Sunday, March 8, 2015

"The Super Successful Tech Giant That Dares Not Speak Its Name"

There's high tech and then there's real-high-tech.
From Forbes:
How much silicon is there in Silicon Valley? Not much, if we are talking super-pure monocrystalline silicon, which is the high-end material driving the digital revolution.

As with countless other advanced materials these days, most of the world’s semiconductor-grade silicon comes from Japan. By far the world’s largest producer is Tokyo-based Shin-Etsu Chemical. Meanwhile the only other significant source globally is SUMCO, also a Japanese company. These companies produce so-called silicon ingots, huge silvery carrot-shaped items that are then sliced into silicon wafers by countless other manufacturers around the world, not least various manufacturers in the United States.

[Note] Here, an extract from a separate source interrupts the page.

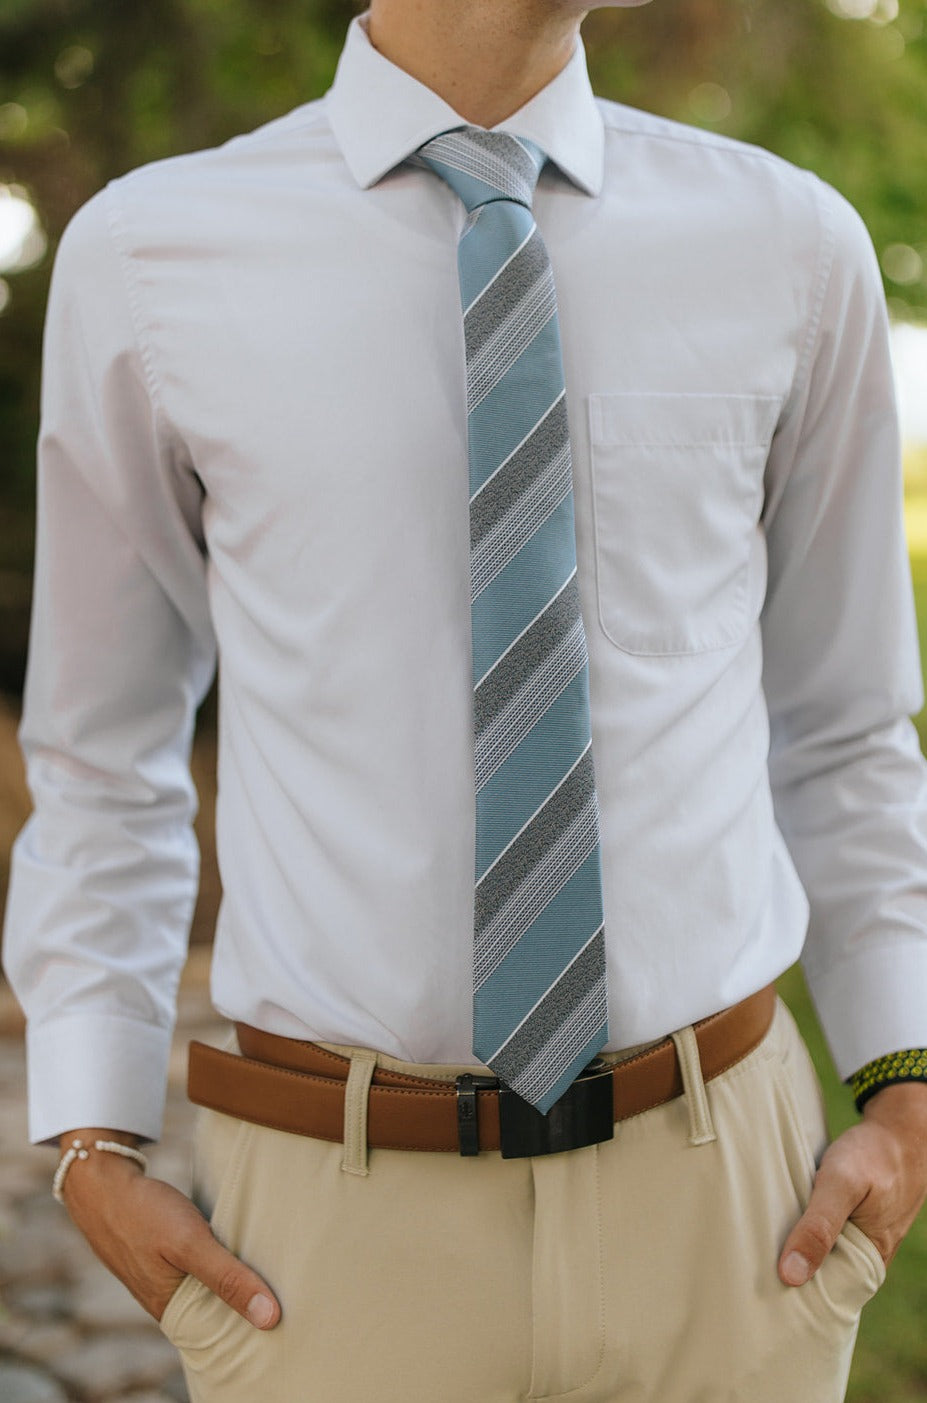 R&B Lt. Blue Tie w/ Texture Stripe

Though you have probably never heard of Shin-Etsu, its silicon ingot division is a remarkable business – the ultimate survivor in a grueling winnowing-out process that has been going on for two generations. The industry was pioneered in the United States, and for a time such U.S. corporations as Raytheon and Monsanto played a leading role. But they could not keep up and eventually exited. For a time Munich-based Wacker Chemie was a significant player, but it too fell by the wayside. (Wacker remains in the silicon business but only as a producer of so-called polysilicon, a lower grade material that has various humbler applications in electronics.)

It is fair to say that if a bunch of Mutant Ninja Turtles wanted to get Planet Earth’s attention, they could hardly opt for a smarter opening gambit than to knock out Shin-Etsu. The resulting silicon shortage would make the notorious Arab oil embargo of the mid-1970s seem like a picnic.

By any standards, Shin-Etsu’s monocrystalline silicon division is a classic instance of Warren Buffett’s precept that “a truly great business must have an enduring ‘moat’ that protects excellent returns on invested capital.”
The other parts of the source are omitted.